Further, the Board agrees that the continued detention of Mr. Caron in the units he has been assigned to was and continues to be necessary and appropriate. We find that the hospital acted appropriately on July 3 in waiting one day for a bed to become available before transferring Mr. Caron to unit B4N, from unit B4S. While we acknowledge Ms. McMahon’s concerns regarding July 4 to 6, which we note was Friday to Sunday, given Mr. Caron’s background and the circumstances of his three-day elopement, as well as his mental status upon return and in the days following, we agree with the hospital that a cautious and measured approach was warranted.
In this case, it was important for Dr. Carefoot as his attending physician to make the decision about increasing his privileges. She was best positioned to assess his level of risk and determine the best course of action. We note that Mr. Caron was transferred to a less secure unit on July 4 and we acknowledge the hospital’s action in expediting Mr. Caron’s next case conference which may well expand his level of privileges further.
In conclusion, the Board finds that the significant increase in the restrictions on Mr.
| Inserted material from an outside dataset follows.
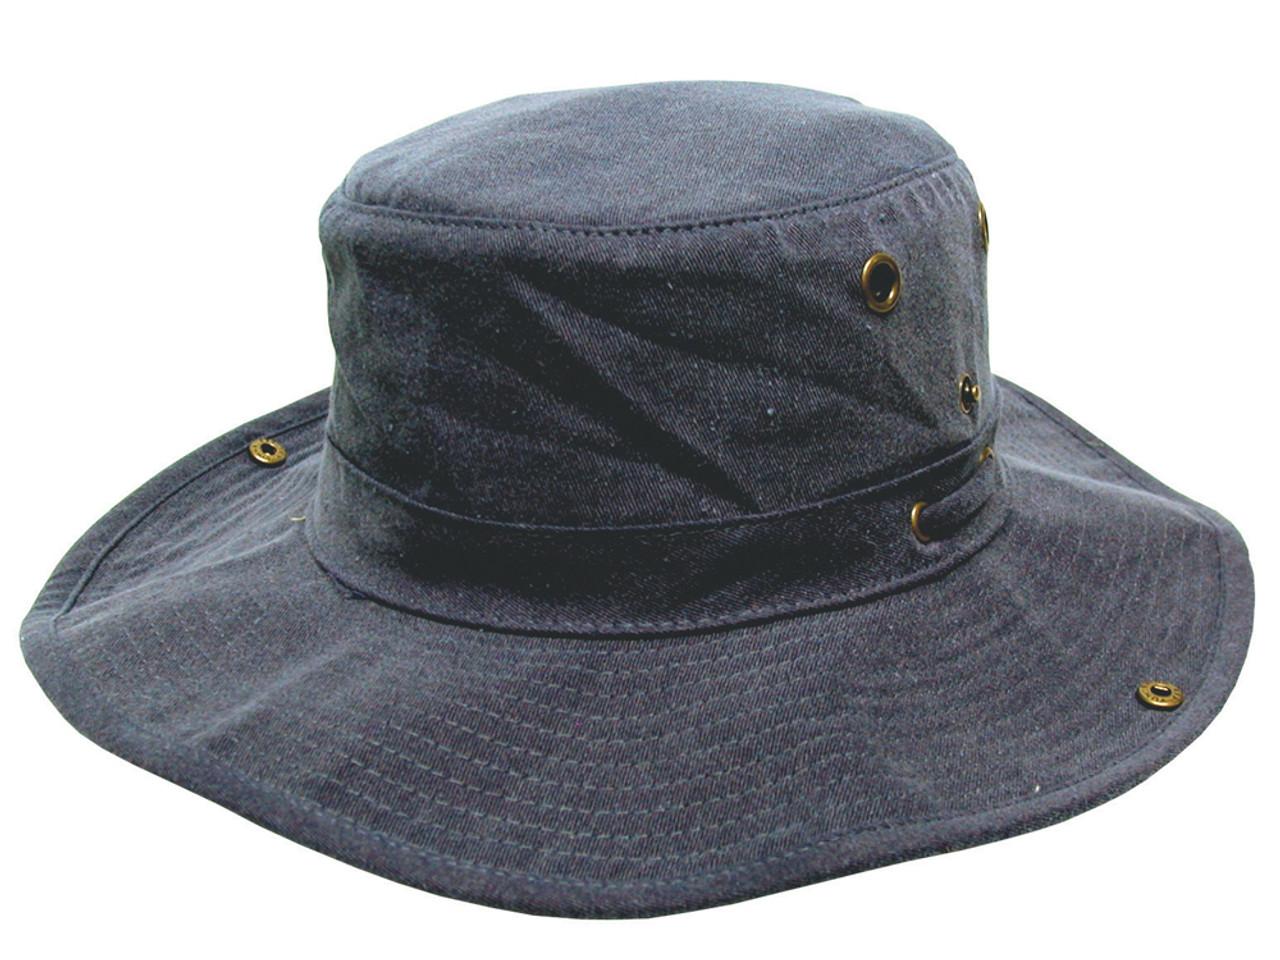 Avenel Floatation Wide Brim Hat - Navy - Mens - Cotton For Sale ... c5c7ef77f45

Caron’s liberty by his readmission to the hospital’s high secure unit on June 5, was necessary and appropriate, and represented the least onerous and least restrictive response available to the hospital. Likewise, his continued restrictions as of the date of this hearing remain necessary and appropriate and the least onerous and least restrictive.
DATED this 5th day of August, 2025, at the City of Toronto, in the Region of Toronto.